I keep getting "error C2668: 'sqrt' : ambiguous call to overloaded function"

I dont get any errors when I compile. I imagine the problem is that "sqrt" is overloaded, and the way your calling it, the compiler doesnt know which version of "sqrt" to call. Basically, casting "i" to some type should fix the problem. I.e., do something like "sqrt( (double) i)" so it knows to use the version of "sqrt" that takes argument of type "double" (or cast to float, doesnt matter in this case).

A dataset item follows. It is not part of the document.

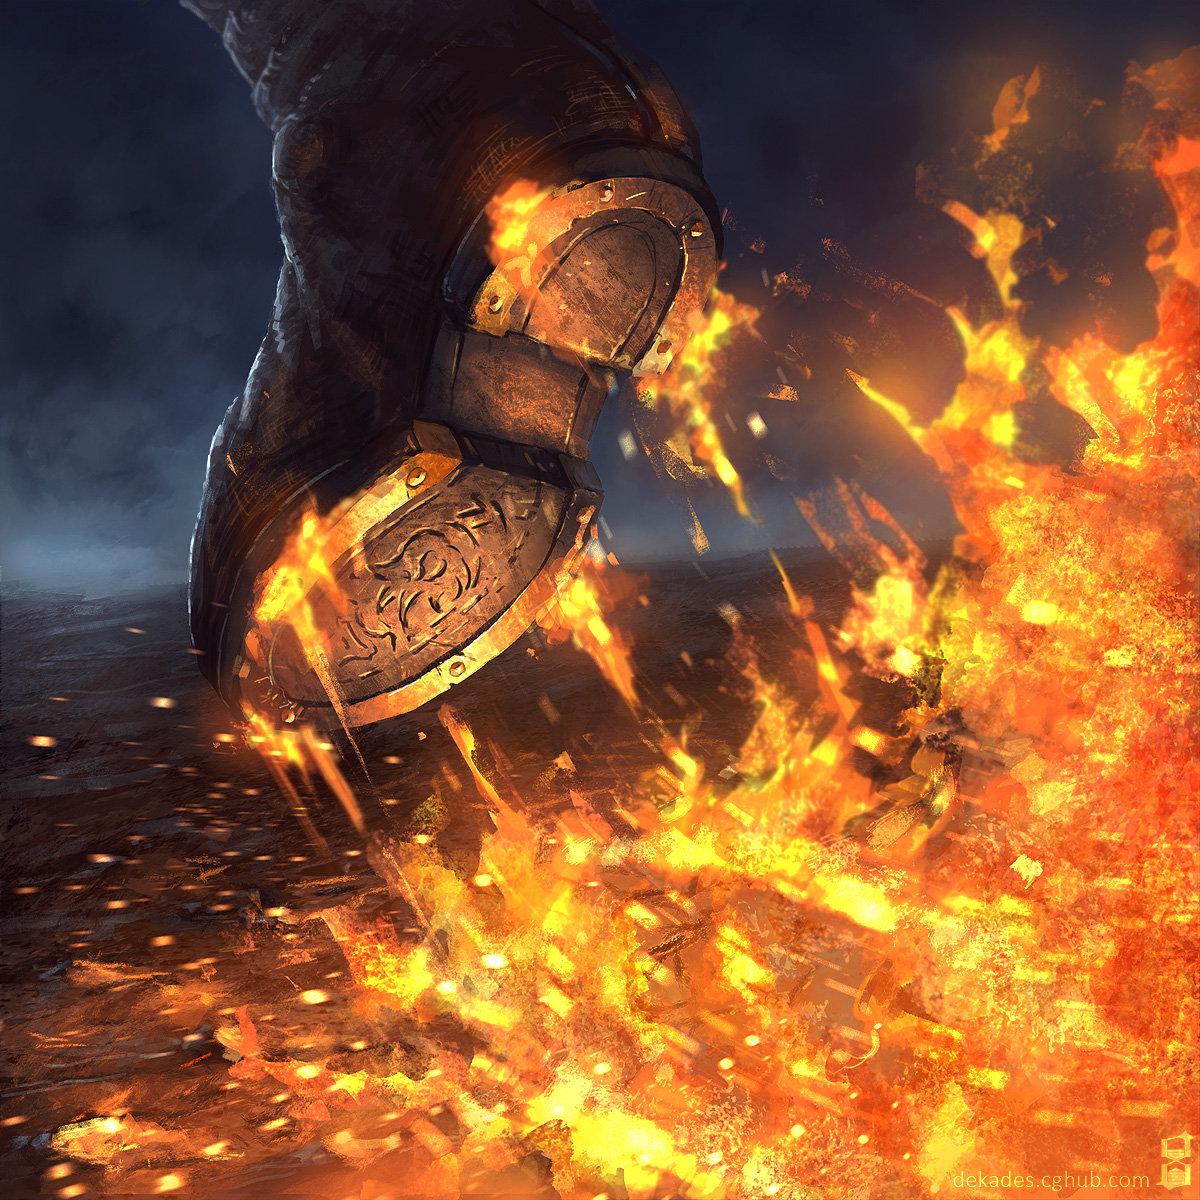 Dmitry desyatov walk of flames jpg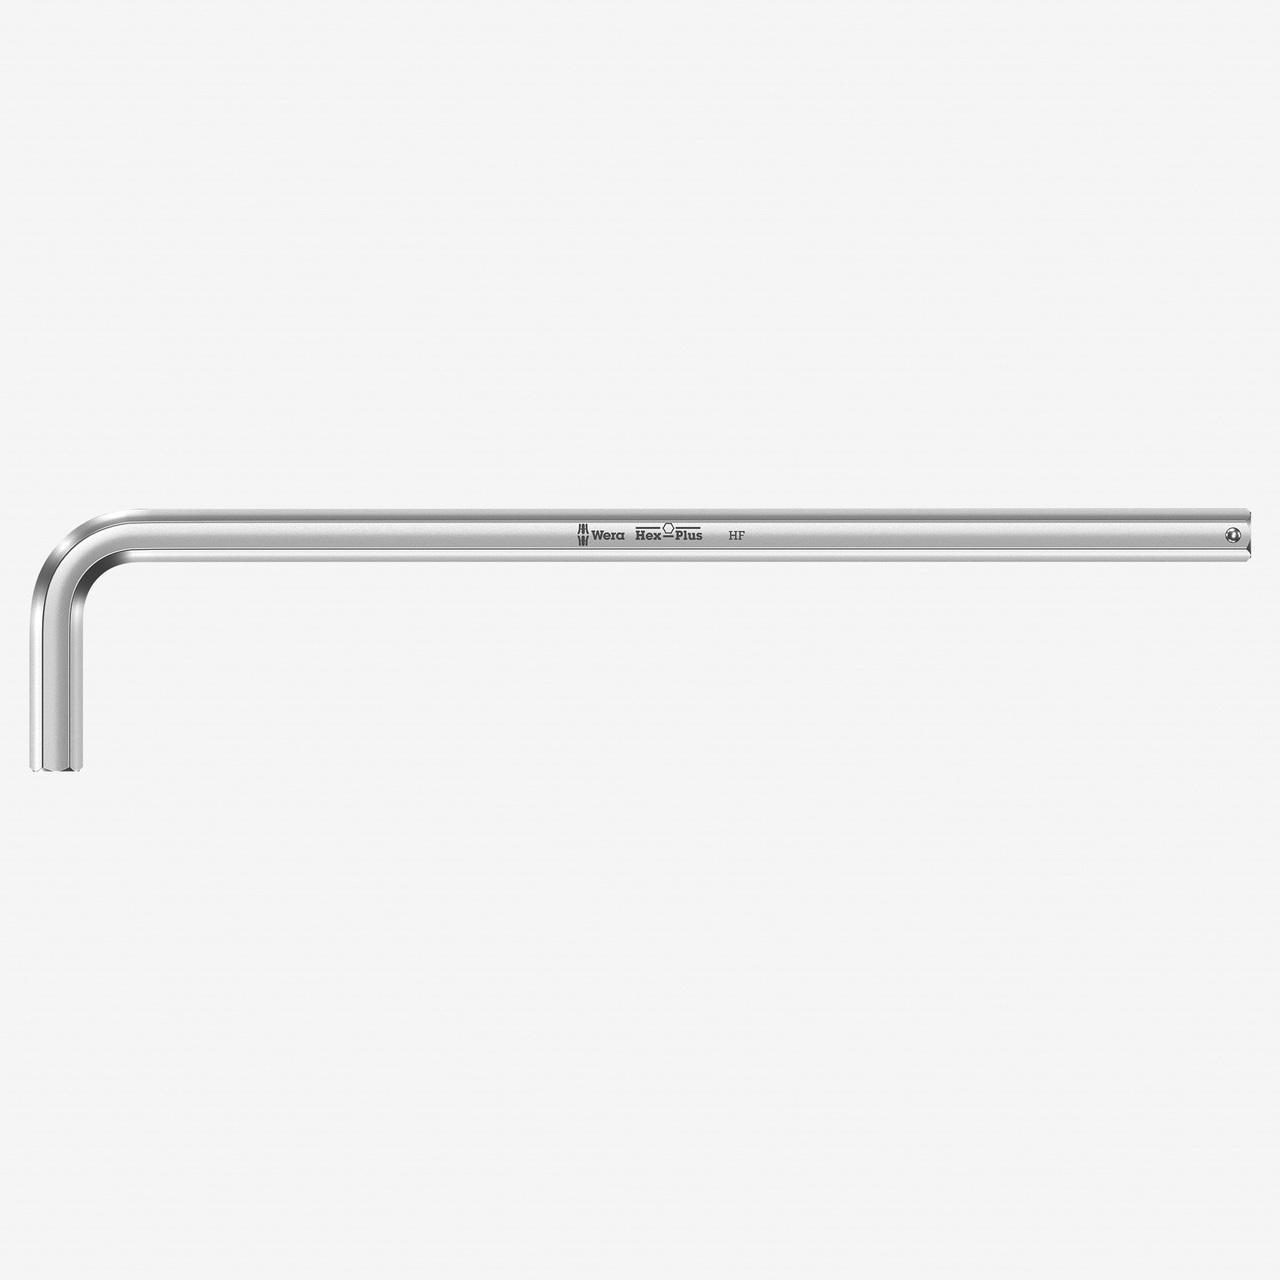 Wera 022125 Hex-Plus HF 10 x 219mm Chrome L-key - KC Tool

Next (keeping in mind the error mentioned above) your for loop does this:
Code:

for(i=1;i<=n;i++) //cycle through 1 to n
printf ("The numbers are: %d",i);

But you probably wanted everything inside the for loop, like
Code:

for(i=1;i<=n;i++) //cycle through 1 to n
{
printf ("The numbers are: %d",i);
i = (sqrt (i));
printf ("\nsqrt = %lf\n",i);
}

Next (again keeping in mind the error mentioned above) you dont want to do
Code:

i = (sqrt (i));
printf ("\nsqrt = %lf\n",i);

. Because your *changing* "i", which is only supposed to change at the end of each iteration, by 1, which is handled by the "i++" part in the for loop--dont change that. You want to create a different variable, so do something like:
Code:

for(i=1;i<=n;i++) //cycle through 1 to n
{
float result = sqrt (i); // cast i to the appropriate type if you get errors
printf ("\nsqrt(%d) = %f\n", i, result); // (1)
}

And finally, instead of always printing this (the line with (1)), you want to check if the result is even. See my first reply for the "fmod" function. Basically, a number is even if its division by 2 is 0, which is the same thing as its modulo 2 being 0 (i.e. fmod of result by 2 being 0).